The McCarroll group’s is a significant discovery for many reasons. The human complement factor C4 helps the immune cells in the process of targeting and removing pathogens. In other words, C4, one of many complement proteins in the body and a part of body’s innate immune system, helps clear cellular debris upon receiving specific signals from the immune system. It now appears that a specific form of the same protein C4 has an additional function in the brain, where it collaborates with other cells. McCarroll and his team studied the role of the C4 gene within the MHC complex and tried associating the gene’s function to the risk of schizophrenia.

There are two functionally different forms of C4 genes, C4A and C4B, each with a long and a short form (C4A-long or C4AL and C4S-short or C4AS; C4B-long or C4BL and C4B-short or C4BS).

The researchers found in 674 different samples from 245 post-mortem adult donor brain tissues that the expression of C4A and C4B genes were proportional to their copy numbers, and that C4 is expressed at 2-3x higher levels than C4B even after adjusting for the relative copy number differences between the two genes. They also found that C4A is expressed at 1.4x higher level than C4B in the brains of 35 schizophrenia patients compared to the healthy controls.

In conclusion, the scientists found associations between the four common haplotype structures (genetic variations inherited together) encompassing the C4 locus, AL–BL, AL–BS, AL–AL, and BS, and schizophrenia risk.

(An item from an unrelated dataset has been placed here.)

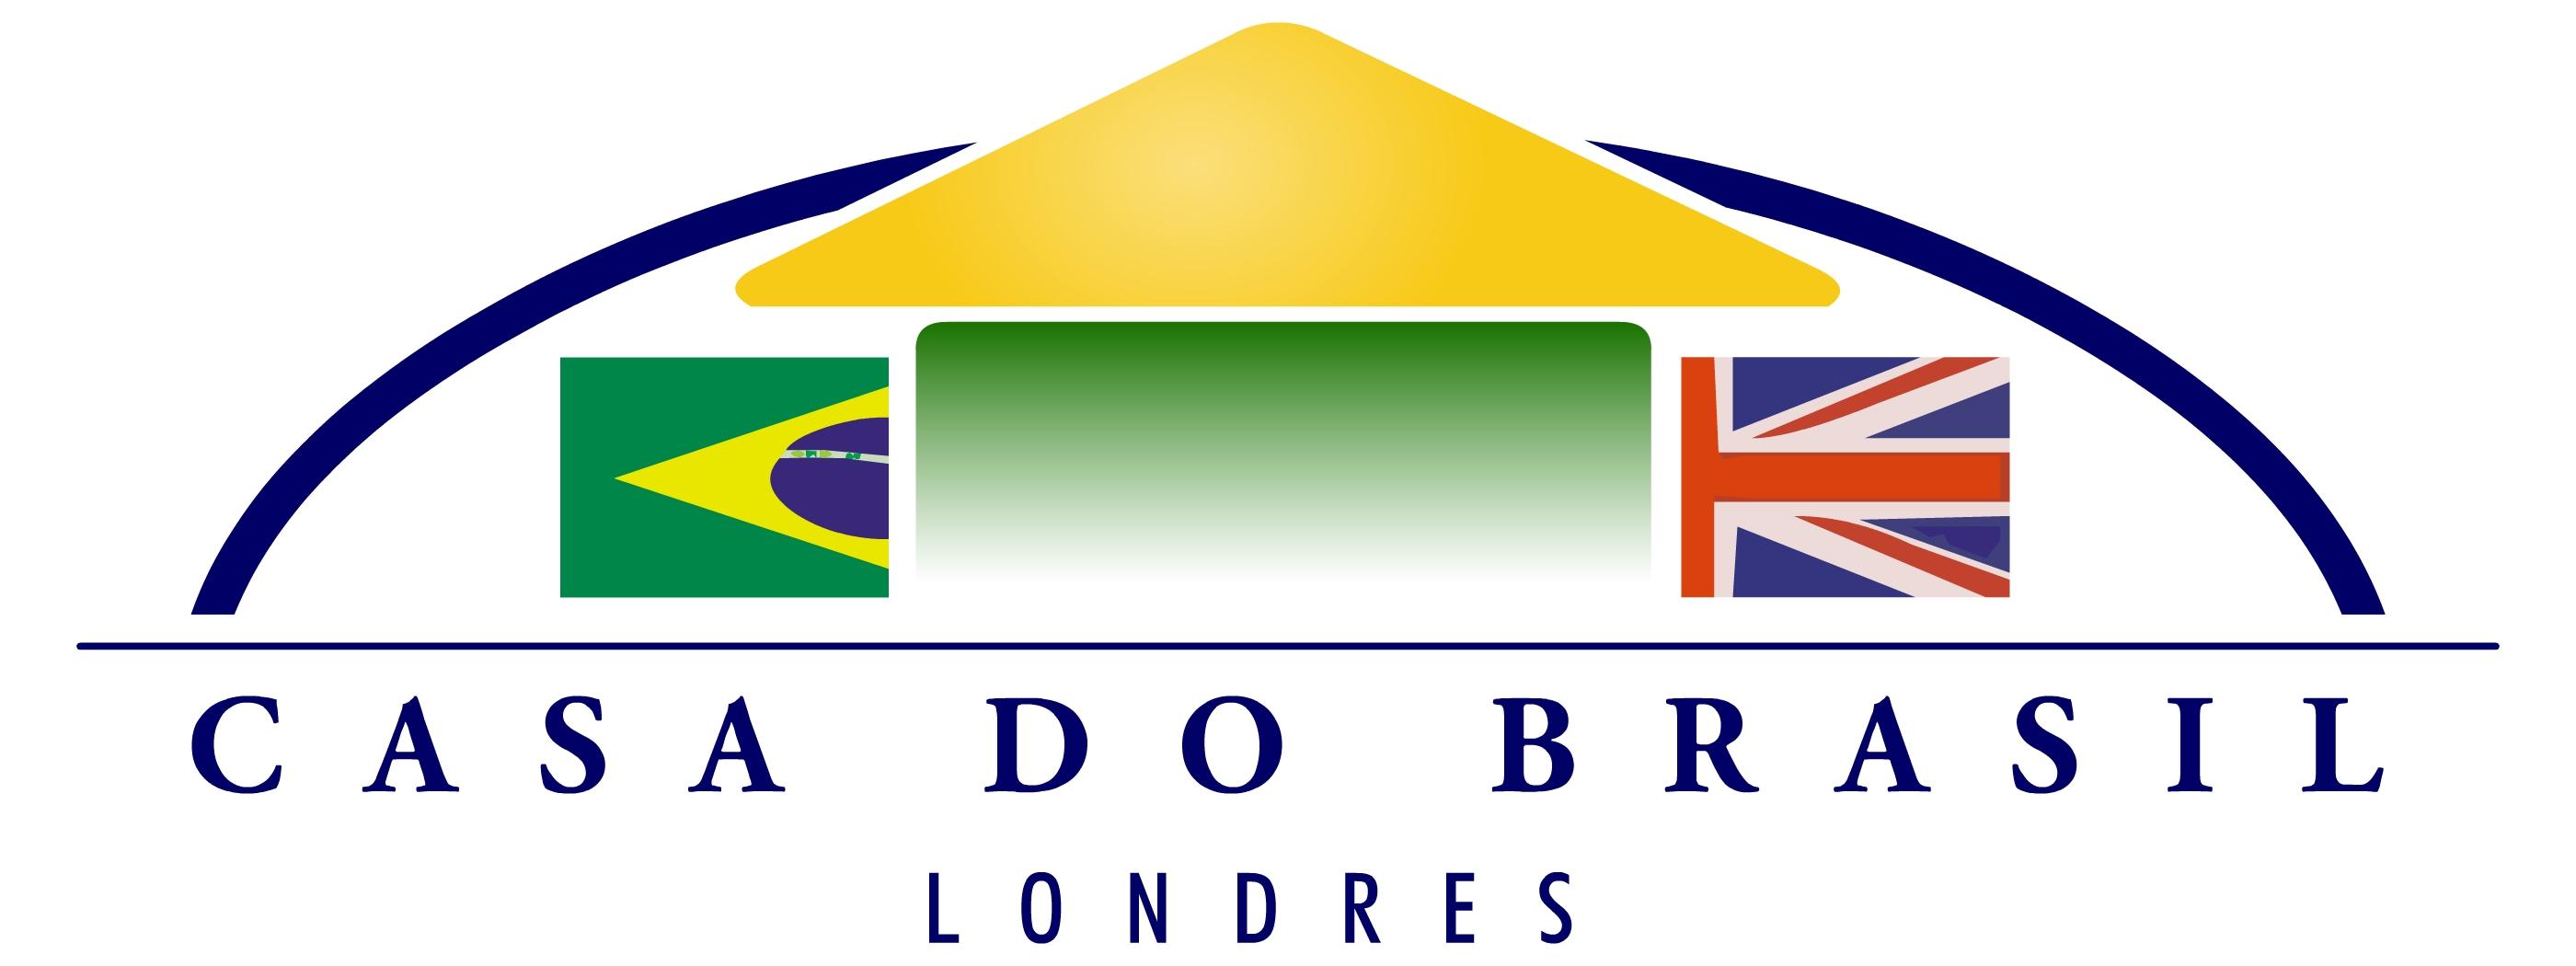 casa Brasil logo

By performing immunohistochemistry tests in specific sections of the brain tissue and with co-localisation experiments, they showed that the C4 protein is expressed by neurons and is localised at different parts, namely dendrites, axons and synapses. Then, the researchers used a mouse model to show a correlation between the C4 protein and synaptic pruning or elimination, a classical feature that has been earlier shown to be associated with schizophrenia.

The scientists concluded that patients with schizophrenia were more likely to have one particular form of the C4 gene and the risk of schizophrenia goes higher with the inheritance of the same form of the C4 gene. The current study is a major step towards understanding of the biological role of any gene in schizophrenia as it establishes a causal association between a gene-function and synaptic pruning.

The study is unique as it demonstrates how a complex event linked with gene expression can ultimately provide clues to explain a niche biological function. It’s also significant as it establishes the importance and utility of large datasets. Third, it reiterates the spirit of collaboration and data sharing as exemplified by the involvement of various stakeholders of the Psychiatric Genomics Consortium, which provided the data. Unbiased genome-wide studies can lead into unchartered territories and unexpected findings. And linking biology with data is the key to solving important questions in biology and medicine. We need to be ready to produce, mine and understand large data in that context.

Binay Panda is at Ganit Labs, Bengaluru. Besides genes and genomes, Binay is passionate about open science, education and free knowledge dissemination.